A sequence query language, that is, a language in which
expressions, upon evaluation, yield sequence, would offer many
advantages in dataset construction. The sequences themselves
need not be stored, but rather, the instructions necessary to
recreate the dataset. Interestingly, the most ambitious attempts
at writing sequence query languages predate GenBank [3] itself.
Schroeder and Blattner [4] described DNA*, which permitted
concatenation and complementation of DNA sequences using a
terse syntax. Another approach was that of DELILA
(DEoxyribonucleic acid LIbrary LAnguage, [5]. DELILA
encompassed both a hierarchical syntax for description of
genomes, as well as a query language in which named features
served as reference points within a coordinate system. Because
both languages predated the current databases, they do not contain
syntax for reference to database entries. While more recent tools
have been able to parse GenBank entries for direct use of data
fields by other programs [6], automated access to the features
annotated in the Features Table has been difficult to realize.
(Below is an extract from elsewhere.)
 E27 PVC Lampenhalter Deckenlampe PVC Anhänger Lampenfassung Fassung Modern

The development of the Feature Table language (FT) [7] as
an integral part of database annotation was a fundamental step
in making sequence data more useable because each feature in
a GenBank entry is now annotated in a standard, machineparsable
syntax. The universality of this language now makes
it possible to specify any DNA sequence using an expression,
as given by the relation
expression - sequence
This task has been implemented in the FEATURES program,
which is part the XYLEM package, to be described in this paper
(Table I). While fully accessible through a menu-driven interface,
the simplest form of the FEATURES command is
features expression > sequence
meaning that FEATURES can take a FT expression as input and
write a sequence to the output. For example, given the following
feature annotated in the GenBank entry with primary accession
number M74750:
terminator 609..650
/label =T7-terminator
typing the command
features M74750:T7-terminator
would return the sequence
ataaccccttggggcctctaaacgggtcttgaggggttttt
representing that part of the sequence spanning bases 609 to 650,
as identified by the field 'label =T7-terminator'.
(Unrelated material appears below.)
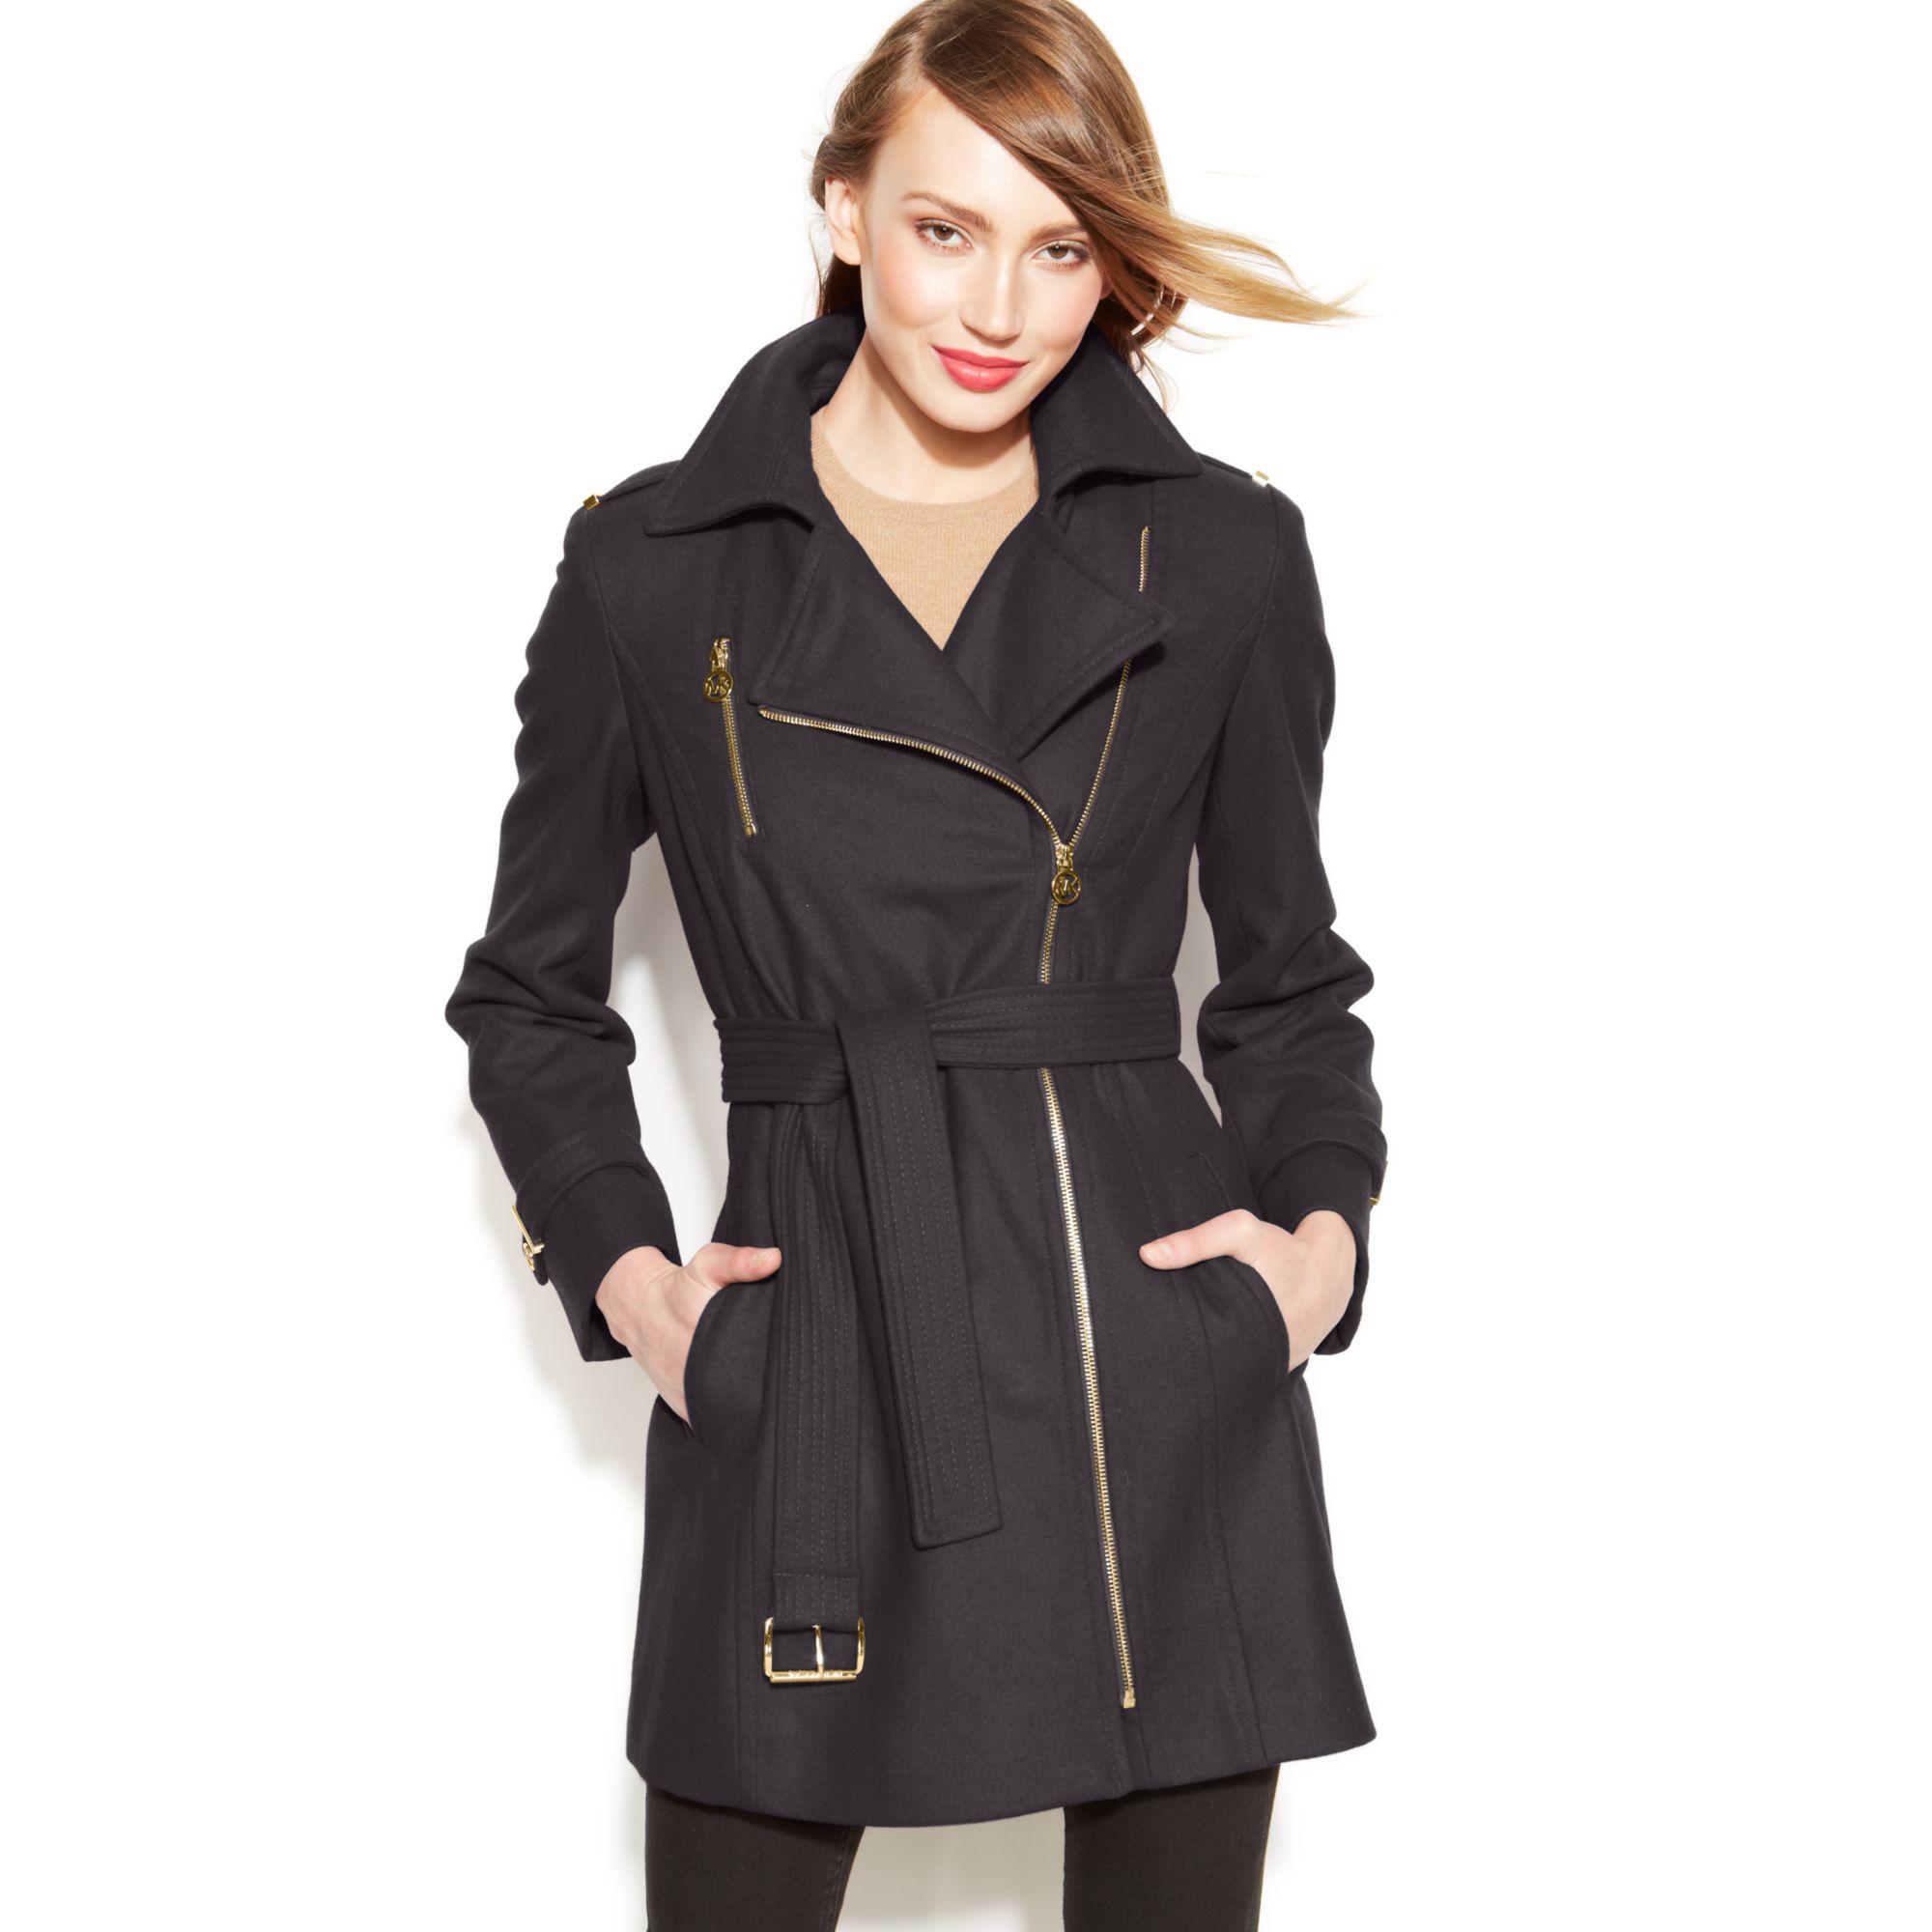 michael kors michael asymmetrical belted walker coat in gray medium grey lyst. Black Bedroom Furniture Sets. Home Design Ideas

Table I. List of XYLEM programs and functions

High-level tools
FINDKEY Search for one or more keywords in database
FETCH Retrieve one or more entries from database
FEATURES Extract features by feature key or expression

Low-level tools
SPL1TDB Split a database into annotation, sequence and index
IDENTIFY Used by FINDKEY to identify entries containing keywords
GETLOC Used by FETCH to retrieve entries from a split database
GETOB Used by FEATURES to parse Feature Table expressions
UDS Update an. existing dataset with new versions of entries
DBSTAT Calculate amino acid frequencies in a protein database
RIBOSOME Translate file of nucleic acid sequences into protein
SHUFFLE Given a random seed, shuffles each sequence in a file
REFORM Multiple alignment printing tool
GBUPDATE Download GenBank databe by FTP; calls SPLITDB
PIRUPDATE Download PIR database by FTP; calls SPL1TDB
The XYLEM tools (Table I) automate the management of
online databases, as well as the construction of sequence database
subsets. Even non-expert users should be able to create datasets
for use in multiple alignments, phylogenetic studies, structure
comparisons and other types of analyses.